Urgent need to lift ‘outdated and unsafe’ PBS restrictions on anti-epileptic drugs

Epilepsy

By Michael Woodhead

4 Jul 2019

Prof Christian Gericke

PBS prescribing restrictions on anti-epileptic drugs need to be urgently revised because they promote the use of outdated and unsafe drugs for first line use, neurologists say.

Patients with epilepsy are being put at risk because drugs such as valproate and carbamazepine are favoured in PBS criteria over safer alternatives such as levetiracetam and lamotrigine, according to Professor Christian Gericke of the University of Queensland.

In an MJA commentary co-authored by Epilepsy Society of Australia president Professor Terence O’Brien from Monash University, Professor Gericke says Australian prescribing criteria lag so far behind US and European professional guidelines that clinicians may face medicolegal consequences if they prescribe a drug such as valproate, which has been banned for first line use by the European Medicines Agency (EMA).

Valproate’s risks of fetal malformations and its adverse effect on cognitive function on children exposed to it in utero mean that it should only be used as a last resort in low doses, they say.

Professional organisations in countries such as the UK, EU and the US now recommend lamotrigine and levetiracetam for first line therapy in new-onset focal epilepsies and for generalised epilepsies, they note.

But in Australia, PBS criteria maintain tight restrictions on the use of drugs such as levetiracetam, despite a recommendation from the Pharmaceutical Benefits Advisory Committee (PBAC) in 2008 to extend their use.

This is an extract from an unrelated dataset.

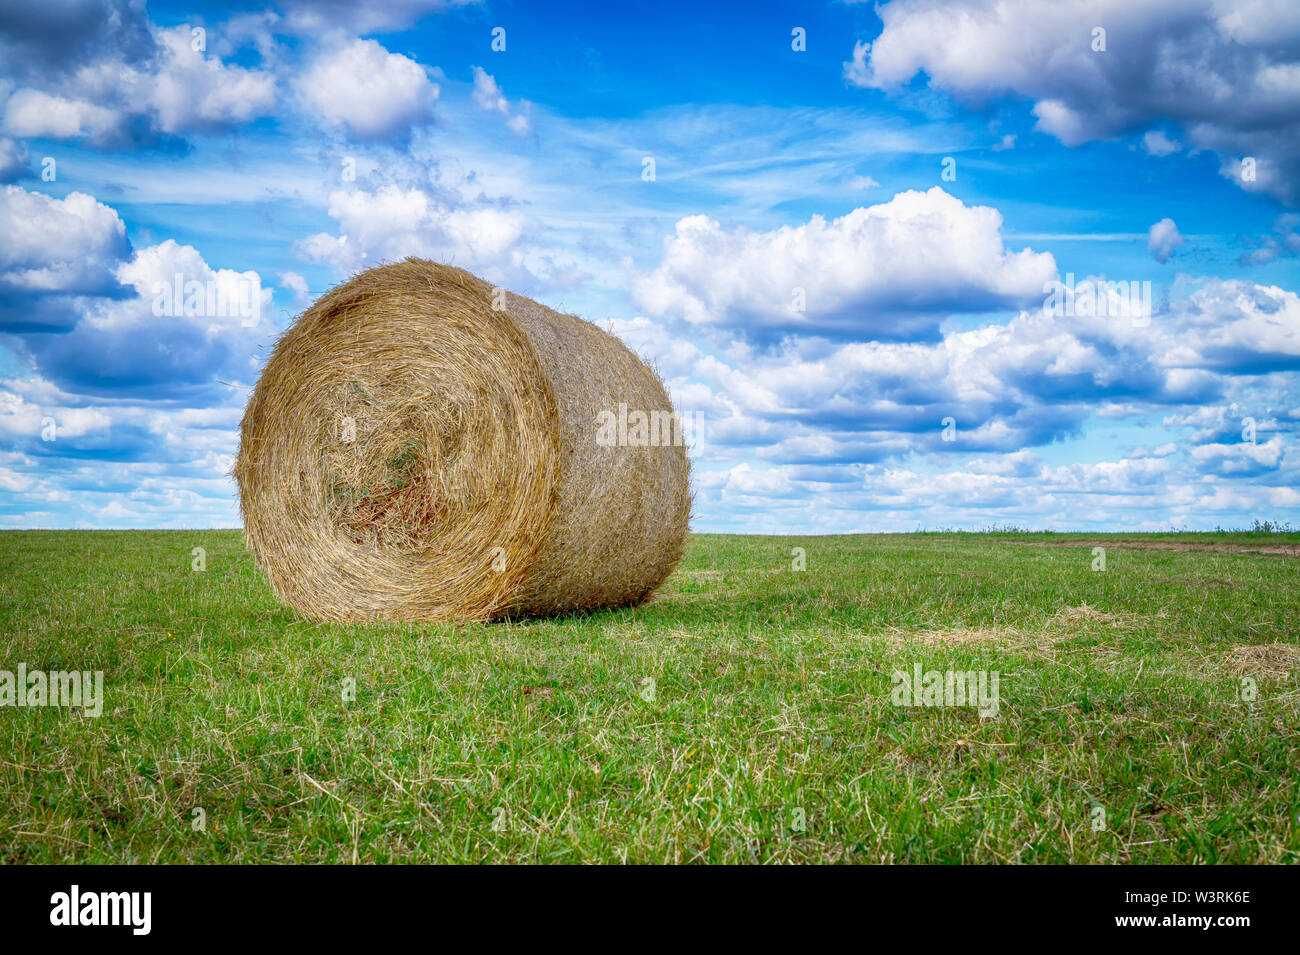 Circulaire fraîchement récolté balles de foin dans un champ ou le pâturage en été dans un angle faible vue sous un ciel nuageux ciel bleu d'un paysage agricole Banque D'Images

“In practice, most epileptologists ignore the PBS restrictions and follow the internationally recommended prescribing guidelines,” they write.

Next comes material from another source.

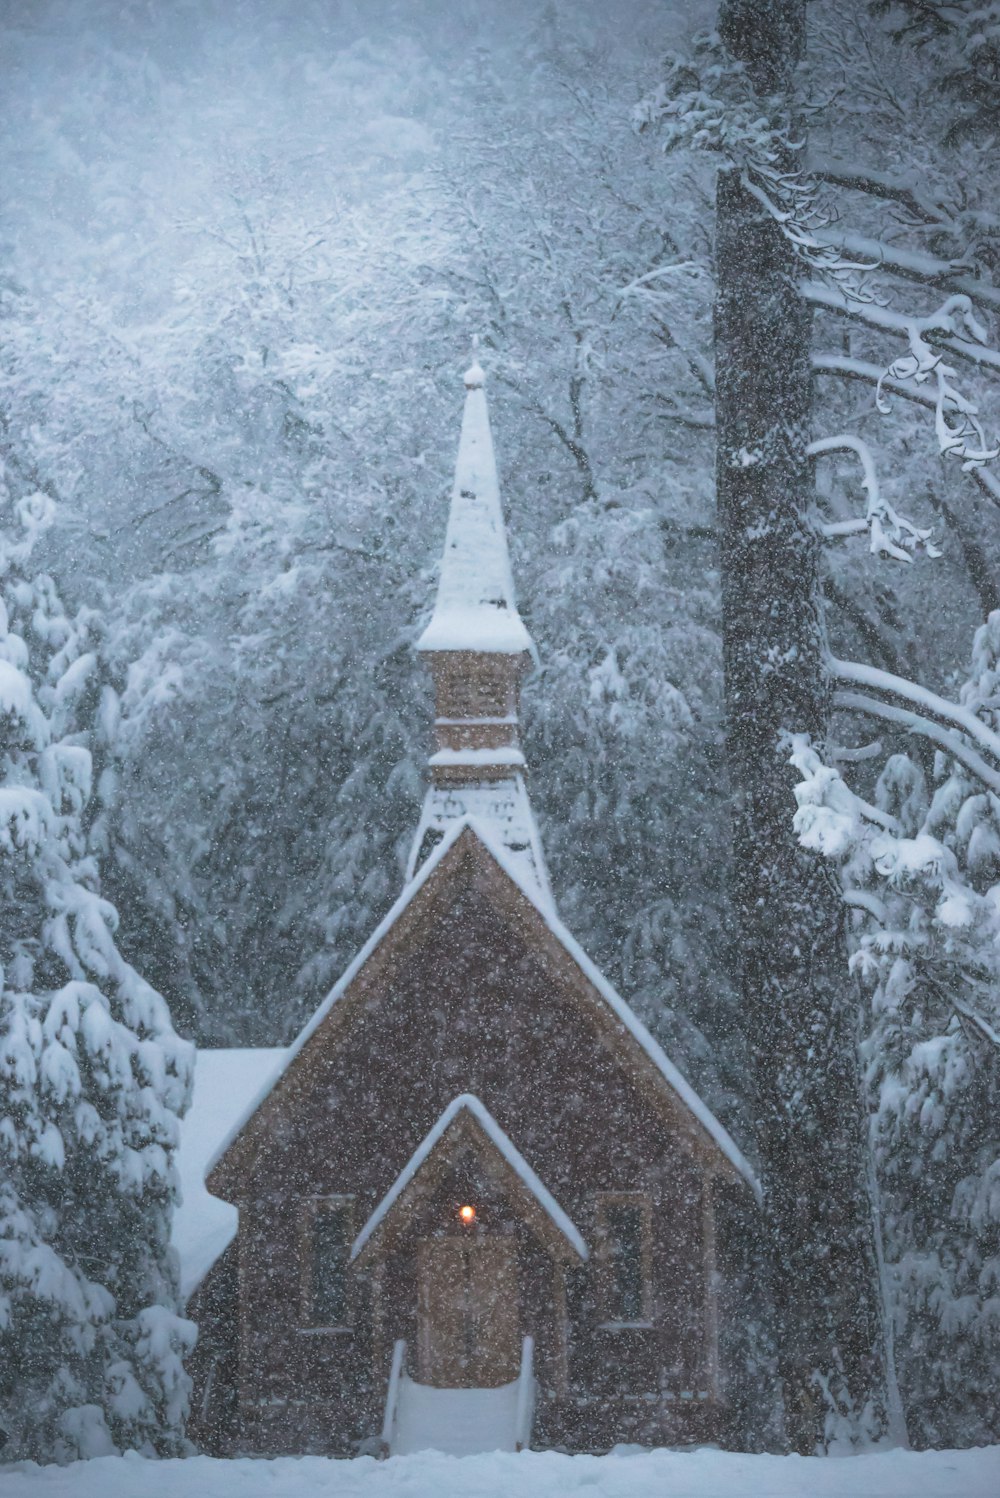 森の中にある雪をかぶった茶色の木造家屋

“This puts the practitioner at risk of legal and financial sanctions. Australian doctors treating patients with epilepsy are therefore stuck between the proverbial rock and hard place.”

Cost concerns should not be a barrier to lifting restrictions because generic preparations are now available for levetiracetam and lamotrigine, they add.

PBS restrictions may be justified for newly listed drugs to avoid cost blow outs, but there needs to be an effective mechanism to review the restrictions over the long term, to avoid outdated prescribing practice and suboptimal care, said Professor Gericke.

A second priority is to review PBS restrictions on other well tolerated and effective second and third line anti-epileptic drugs such as zonisamide, oxcarbazepine, lacosamide and perampanel.

“Doctors should not be forced to choose between safe patient care and complying with outdated government regulation. It’s not fair on doctors, and it’s not fair on our patients.

“This long-awaited PBS update would finally allow Australian doctors to prescribe anti-epileptic drugs in line with international best practice without imposing a financial burden on patients or contravening PBS regulations,” the authors concluded.